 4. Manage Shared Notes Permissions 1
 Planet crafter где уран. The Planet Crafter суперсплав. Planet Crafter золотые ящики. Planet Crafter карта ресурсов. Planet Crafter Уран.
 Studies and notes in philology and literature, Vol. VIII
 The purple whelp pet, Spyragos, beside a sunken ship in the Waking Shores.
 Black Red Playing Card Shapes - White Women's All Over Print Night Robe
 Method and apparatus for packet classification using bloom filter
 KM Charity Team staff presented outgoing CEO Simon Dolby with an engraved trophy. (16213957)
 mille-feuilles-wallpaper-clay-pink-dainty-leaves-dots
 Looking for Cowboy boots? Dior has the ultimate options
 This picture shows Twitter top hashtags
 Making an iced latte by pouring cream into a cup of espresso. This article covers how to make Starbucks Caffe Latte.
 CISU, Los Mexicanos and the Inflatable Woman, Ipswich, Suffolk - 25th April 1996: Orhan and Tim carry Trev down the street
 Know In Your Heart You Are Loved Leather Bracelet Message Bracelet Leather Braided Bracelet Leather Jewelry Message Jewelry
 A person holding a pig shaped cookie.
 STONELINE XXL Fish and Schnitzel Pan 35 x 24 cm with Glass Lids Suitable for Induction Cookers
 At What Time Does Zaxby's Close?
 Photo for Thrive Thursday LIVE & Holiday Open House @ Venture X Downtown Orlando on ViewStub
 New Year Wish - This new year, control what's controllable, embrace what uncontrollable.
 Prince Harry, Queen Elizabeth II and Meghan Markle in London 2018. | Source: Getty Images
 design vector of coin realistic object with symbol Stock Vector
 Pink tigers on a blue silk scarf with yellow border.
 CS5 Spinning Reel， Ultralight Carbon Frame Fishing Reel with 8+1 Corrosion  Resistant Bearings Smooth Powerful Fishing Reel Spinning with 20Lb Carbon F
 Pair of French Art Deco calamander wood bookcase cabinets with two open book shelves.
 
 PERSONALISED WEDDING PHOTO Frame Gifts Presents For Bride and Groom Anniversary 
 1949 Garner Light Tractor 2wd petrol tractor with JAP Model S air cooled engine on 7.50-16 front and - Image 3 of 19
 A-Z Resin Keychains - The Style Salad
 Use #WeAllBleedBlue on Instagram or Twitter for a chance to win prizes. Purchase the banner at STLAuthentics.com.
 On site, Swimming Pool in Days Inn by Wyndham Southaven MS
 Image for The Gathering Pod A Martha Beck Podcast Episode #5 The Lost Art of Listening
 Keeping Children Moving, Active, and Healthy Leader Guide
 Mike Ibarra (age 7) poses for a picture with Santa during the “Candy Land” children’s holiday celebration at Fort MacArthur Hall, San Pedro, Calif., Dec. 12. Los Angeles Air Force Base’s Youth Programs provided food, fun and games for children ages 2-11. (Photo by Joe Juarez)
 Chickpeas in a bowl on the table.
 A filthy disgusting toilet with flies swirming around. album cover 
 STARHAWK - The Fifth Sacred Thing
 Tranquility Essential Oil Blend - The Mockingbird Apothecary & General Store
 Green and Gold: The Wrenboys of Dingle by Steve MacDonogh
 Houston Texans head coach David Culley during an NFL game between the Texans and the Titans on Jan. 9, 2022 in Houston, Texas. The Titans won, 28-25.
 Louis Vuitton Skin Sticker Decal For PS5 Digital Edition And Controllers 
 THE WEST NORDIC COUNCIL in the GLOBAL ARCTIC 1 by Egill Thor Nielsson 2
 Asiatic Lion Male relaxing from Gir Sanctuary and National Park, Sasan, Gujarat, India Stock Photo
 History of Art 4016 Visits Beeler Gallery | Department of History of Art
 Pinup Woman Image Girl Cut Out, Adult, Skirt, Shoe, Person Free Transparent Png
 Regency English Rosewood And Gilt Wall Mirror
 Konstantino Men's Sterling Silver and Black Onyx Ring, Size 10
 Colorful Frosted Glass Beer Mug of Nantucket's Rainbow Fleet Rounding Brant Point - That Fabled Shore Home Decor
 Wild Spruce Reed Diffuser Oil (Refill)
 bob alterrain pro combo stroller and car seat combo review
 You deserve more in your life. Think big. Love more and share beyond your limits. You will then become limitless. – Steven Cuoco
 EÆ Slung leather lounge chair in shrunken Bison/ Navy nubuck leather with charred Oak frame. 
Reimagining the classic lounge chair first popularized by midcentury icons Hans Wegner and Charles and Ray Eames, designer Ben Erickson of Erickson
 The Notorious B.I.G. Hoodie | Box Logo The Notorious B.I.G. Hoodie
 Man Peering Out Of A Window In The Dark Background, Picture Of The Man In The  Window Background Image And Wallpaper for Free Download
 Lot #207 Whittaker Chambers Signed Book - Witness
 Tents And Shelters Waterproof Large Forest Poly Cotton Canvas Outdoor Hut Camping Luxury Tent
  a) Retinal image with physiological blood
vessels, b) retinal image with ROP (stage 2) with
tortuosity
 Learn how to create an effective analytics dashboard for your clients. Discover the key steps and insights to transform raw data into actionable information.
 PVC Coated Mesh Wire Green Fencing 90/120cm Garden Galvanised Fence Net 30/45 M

====

Working from the material above, restate word for word the lines between the line with "1949 Garner Light" and the line with "On site, Swimming", both included, and only those.

Final answer
 1949 Garner Light Tractor 2wd petrol tractor with JAP Model S air cooled engine on 7.50-16 front and - Image 3 of 19
 A-Z Resin Keychains - The Style Salad
 Use #WeAllBleedBlue on Instagram or Twitter for a chance to win prizes. Purchase the banner at STLAuthentics.com.
 On site, Swimming Pool in Days Inn by Wyndham Southaven MS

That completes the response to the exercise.